Черт с ним, пусть себе мелет. Я лежу, остро подняв колени, заложив руки под голову. Не видно ни моря, ни хребтов, глаз бездонно тонет в золотисто играющем небе. Мириады неуловимо вспыхивающих искр. Так и смотришь не отрываясь, без дела, без времени, без скуки. Рысьи брови храпят, а на мне лежит голубая тень от темной буковой листвы. «Сколько этому буку лет?»

Да так и остался с этой мыслью, которая потянулась нескончаемо смутно, то раздваиваясь, то свиваясь в одну тоненькую бесконечную нить. И ее оборвал тот же смех.

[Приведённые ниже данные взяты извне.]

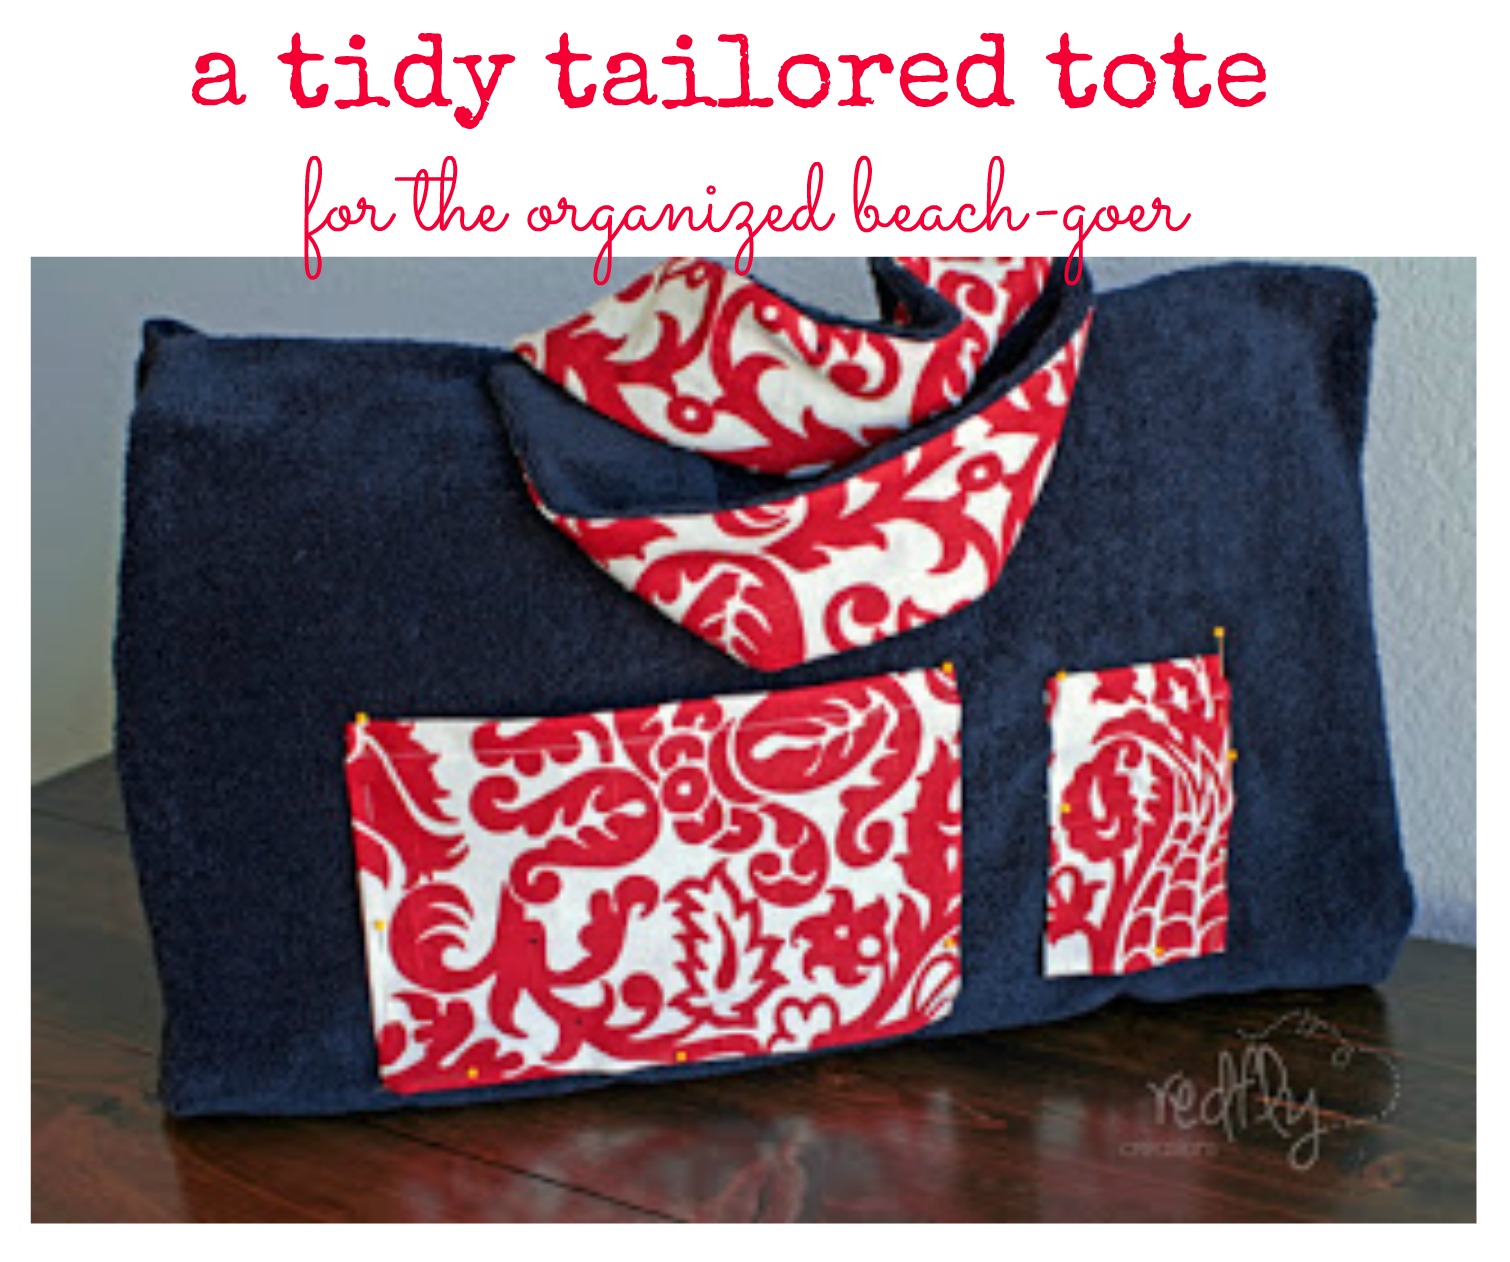 coolest beach towel / tote round-up ever - My French Twist

— А-ахотник!.. А-ахота веселая... Царство небесное проспишь.

Я открываю глаза: тень тянется в другую сторону — солнце не над горами, а над морем, и море ослепительно — смотреть больно.

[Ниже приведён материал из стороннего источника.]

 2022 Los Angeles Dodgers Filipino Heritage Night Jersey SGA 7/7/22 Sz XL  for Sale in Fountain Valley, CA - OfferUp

Хозяин вскочил по-собачьи на четвереньки и вытянул шею к дальнему обрыву, подняв хвостатые брови. Долго стоял и вдруг стал рваться, как бешеный.

— Ну, скоряе! Слышьтя, скоряе!..

Его тревога передалась мне. Я схватил ружье и побежал. Он, как хорек, мелькал в чаще, быстро карабкался, постоянно роняя из-под сбившихся каблуков прыгающие на меня камни. Обливаясь потом, крепко держа в одной руке ружье, другой хватаясь за выпиравшие из земли корни, за ползучую траву, цапаясь за землю, падая на осыпающиеся камни грудью, я едва поспевал за ним, не спрашивая, куда и зачем, и совершенно забыв, что у него с кисточками рысьи брови. Куда-то и почему-то нужно было, и поминутно подхлестывало:

— Скоряе!.. Скоряе!..

Перевалили лесной отрог, спустились, падая и скатываясь на спине, опять вскарабкались.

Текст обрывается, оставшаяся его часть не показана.